With every picture left out, restate the listing below exactly as written.

------------

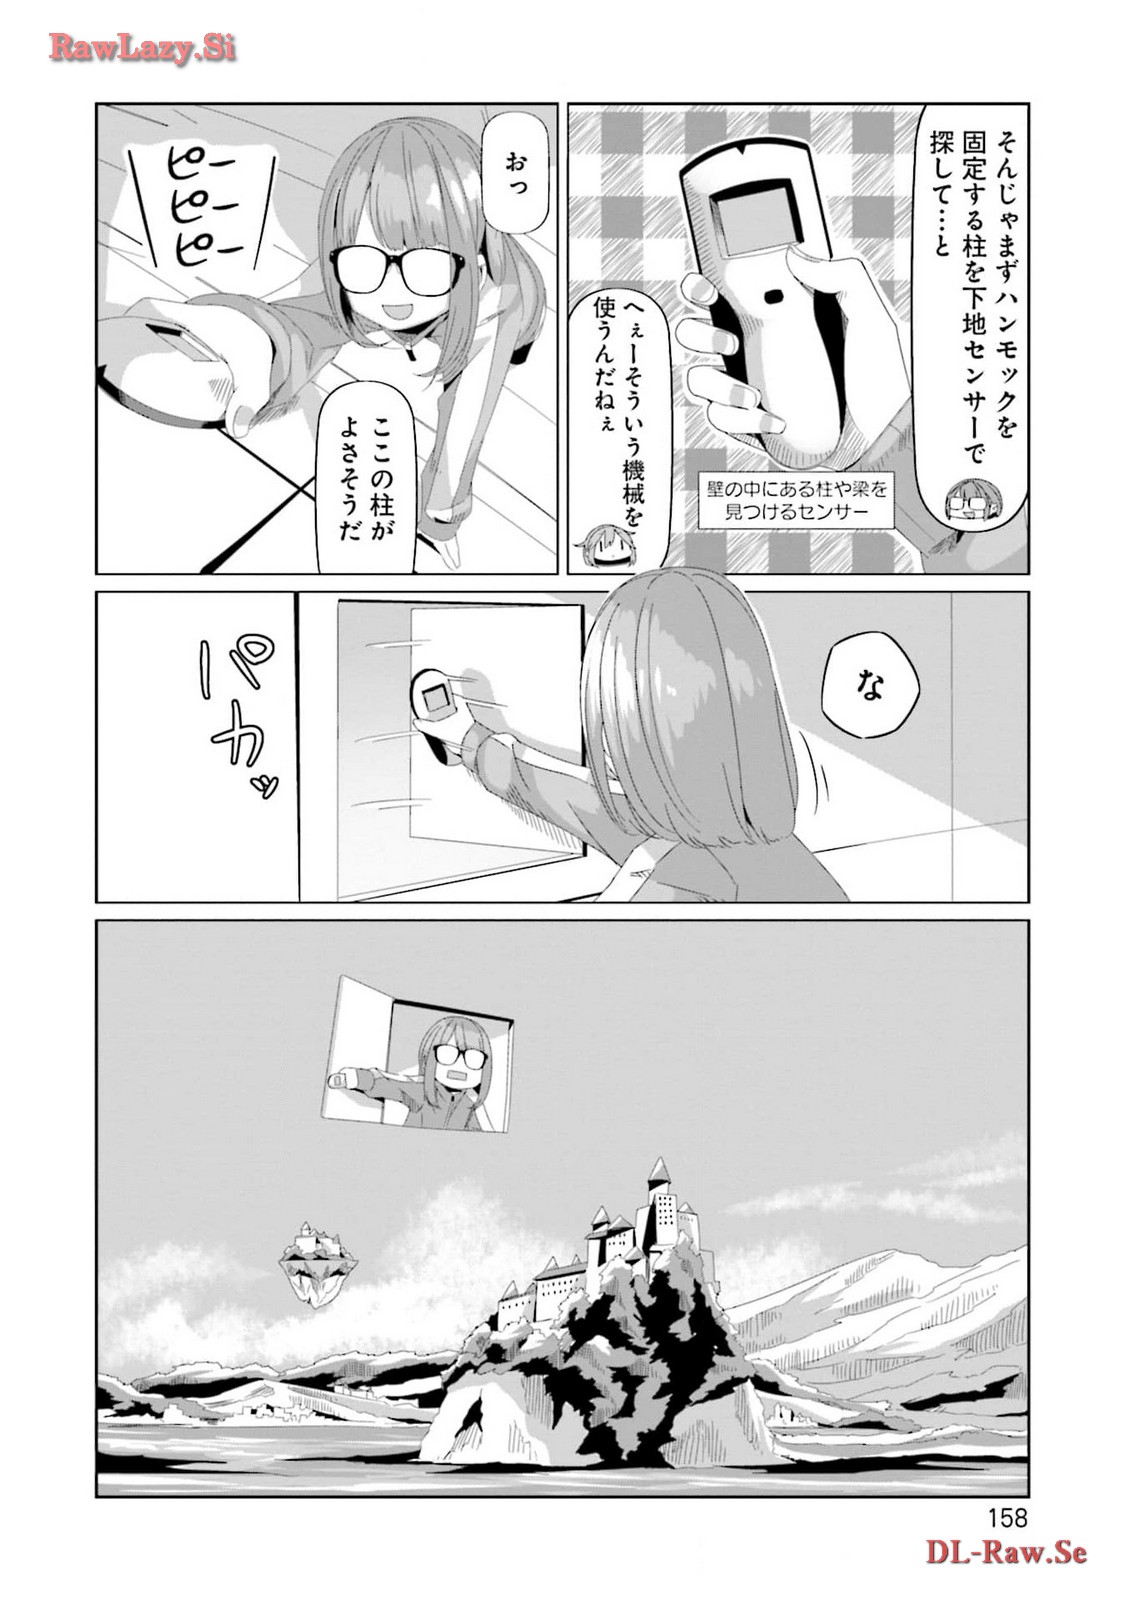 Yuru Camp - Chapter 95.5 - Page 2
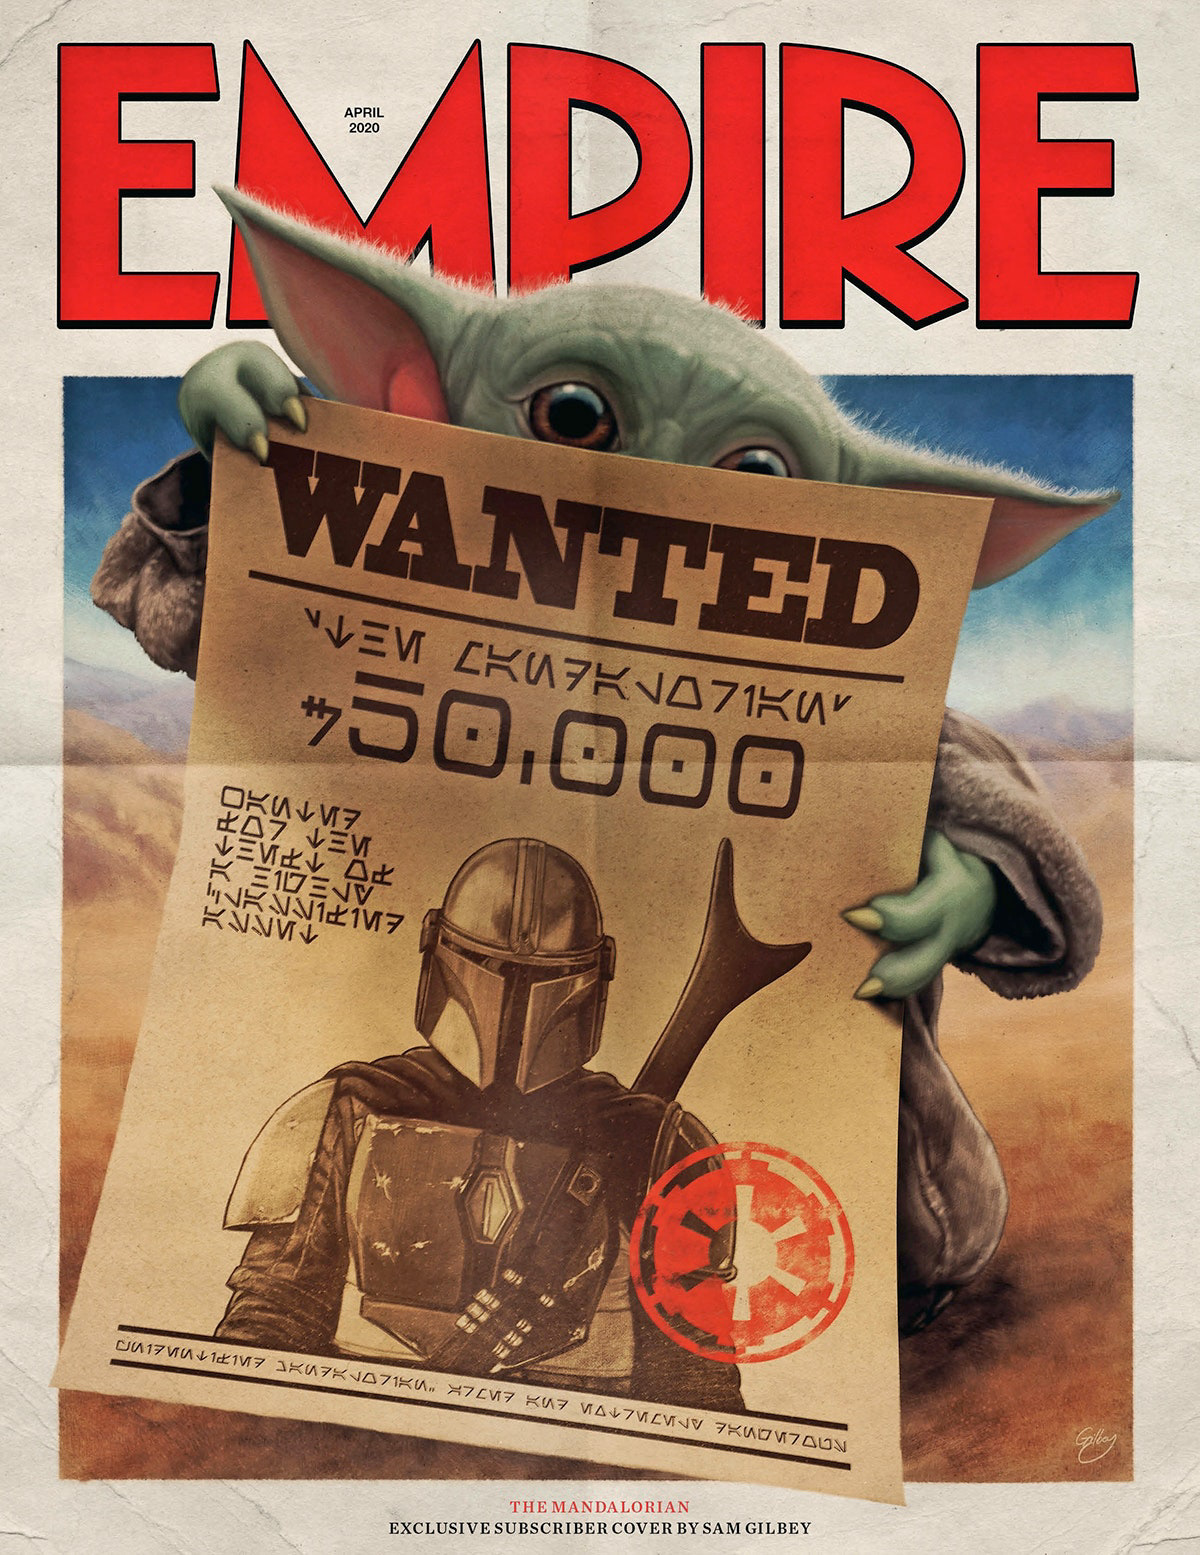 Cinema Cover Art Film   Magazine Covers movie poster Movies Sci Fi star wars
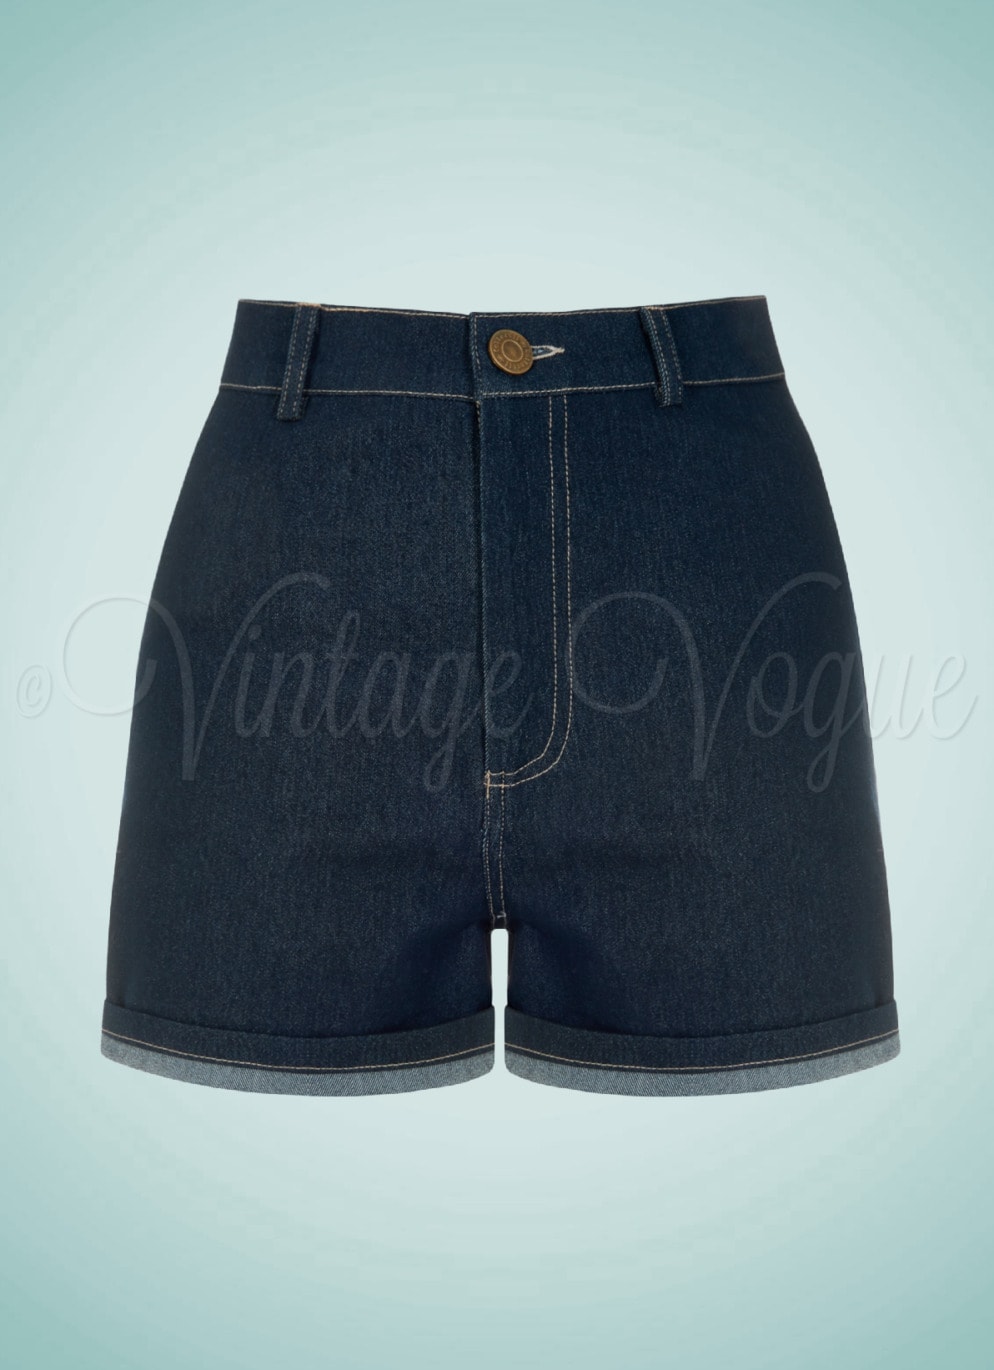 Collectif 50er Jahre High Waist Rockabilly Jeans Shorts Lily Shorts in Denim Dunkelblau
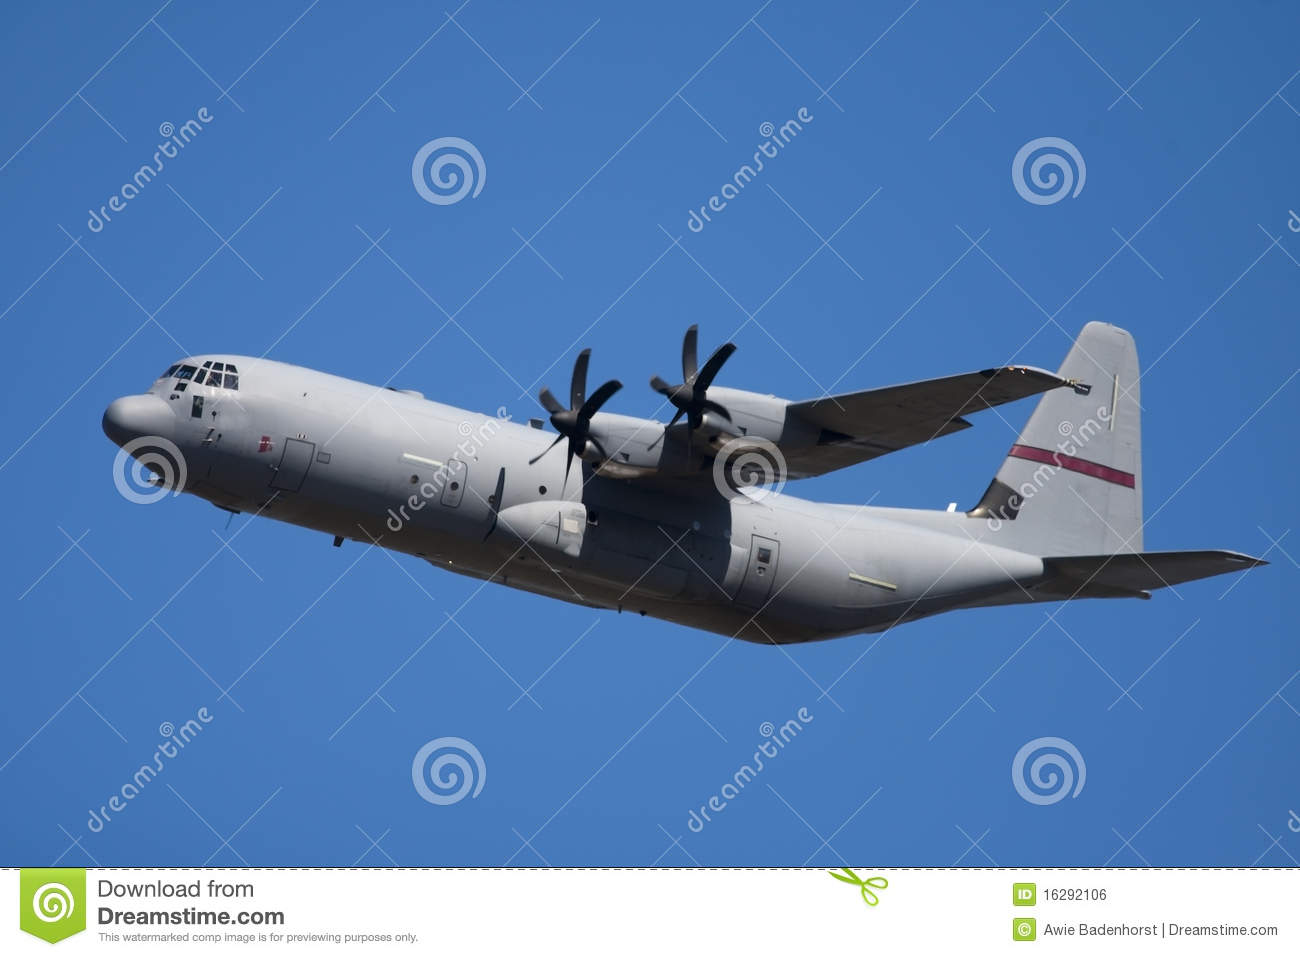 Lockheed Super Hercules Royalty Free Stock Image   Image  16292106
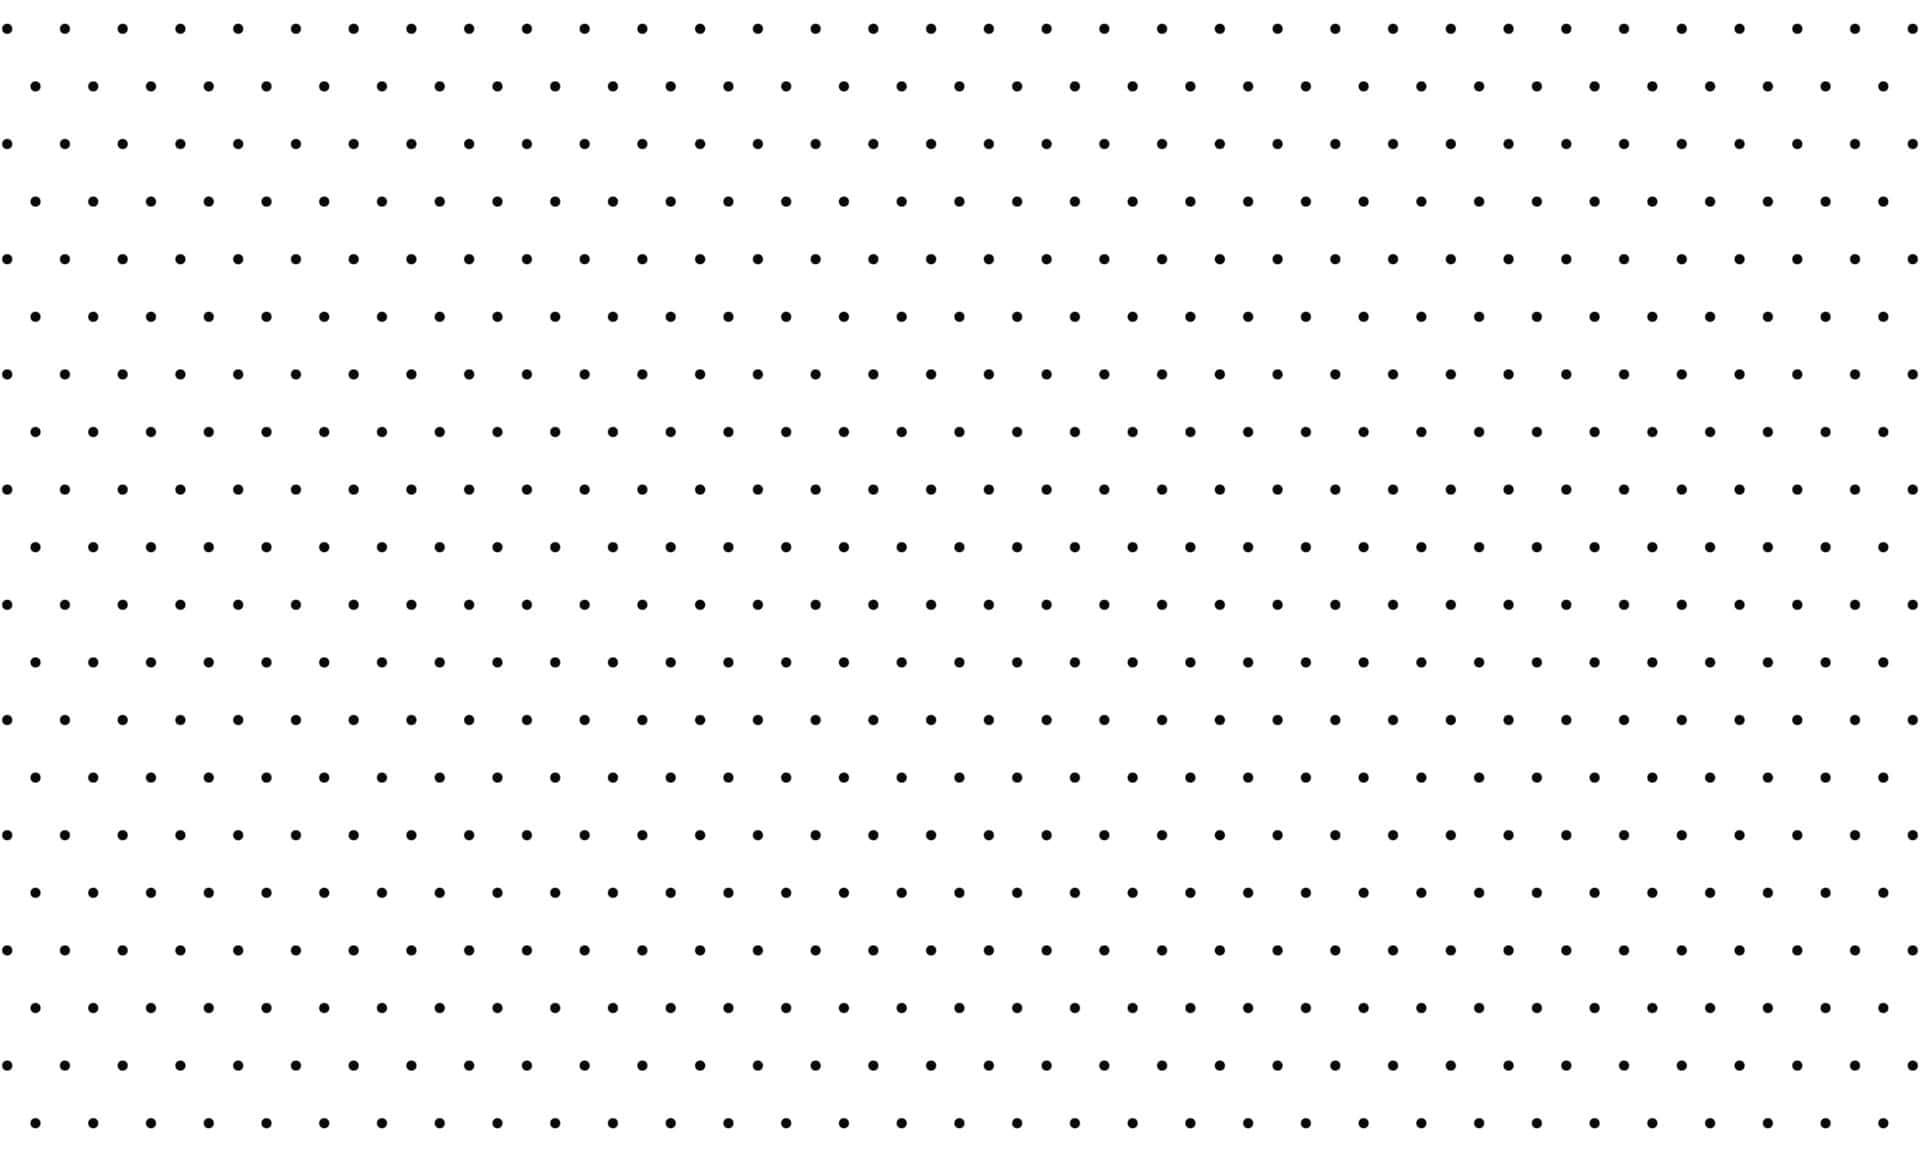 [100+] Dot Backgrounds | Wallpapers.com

------------

**Completed task**
 Yuru Camp - Chapter 95.5 - Page 2
 Cinema Cover Art Film   Magazine Covers movie poster Movies Sci Fi star wars
 Collectif 50er Jahre High Waist Rockabilly Jeans Shorts Lily Shorts in Denim Dunkelblau
 Lockheed Super Hercules Royalty Free Stock Image   Image  16292106
 [100+] Dot Backgrounds | Wallpapers.com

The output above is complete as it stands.